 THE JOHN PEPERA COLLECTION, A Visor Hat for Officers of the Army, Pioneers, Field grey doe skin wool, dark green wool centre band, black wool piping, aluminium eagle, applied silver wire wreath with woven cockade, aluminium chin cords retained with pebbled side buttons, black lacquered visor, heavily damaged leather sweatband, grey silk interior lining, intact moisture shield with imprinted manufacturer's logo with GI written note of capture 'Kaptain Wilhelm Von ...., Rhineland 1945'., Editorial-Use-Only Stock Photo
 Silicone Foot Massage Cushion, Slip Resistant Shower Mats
--
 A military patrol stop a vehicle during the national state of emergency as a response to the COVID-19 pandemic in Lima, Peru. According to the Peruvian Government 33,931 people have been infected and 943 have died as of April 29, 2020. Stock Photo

_TASK DESCRIPTION_
Search the listing above for the word "Photo", and copy every line that has it.

_YOUR RESPONSE_
 THE JOHN PEPERA COLLECTION, A Visor Hat for Officers of the Army, Pioneers, Field grey doe skin wool, dark green wool centre band, black wool piping, aluminium eagle, applied silver wire wreath with woven cockade, aluminium chin cords retained with pebbled side buttons, black lacquered visor, heavily damaged leather sweatband, grey silk interior lining, intact moisture shield with imprinted manufacturer's logo with GI written note of capture 'Kaptain Wilhelm Von ...., Rhineland 1945'., Editorial-Use-Only Stock Photo
 A military patrol stop a vehicle during the national state of emergency as a response to the COVID-19 pandemic in Lima, Peru. According to the Peruvian Government 33,931 people have been infected and 943 have died as of April 29, 2020. Stock Photo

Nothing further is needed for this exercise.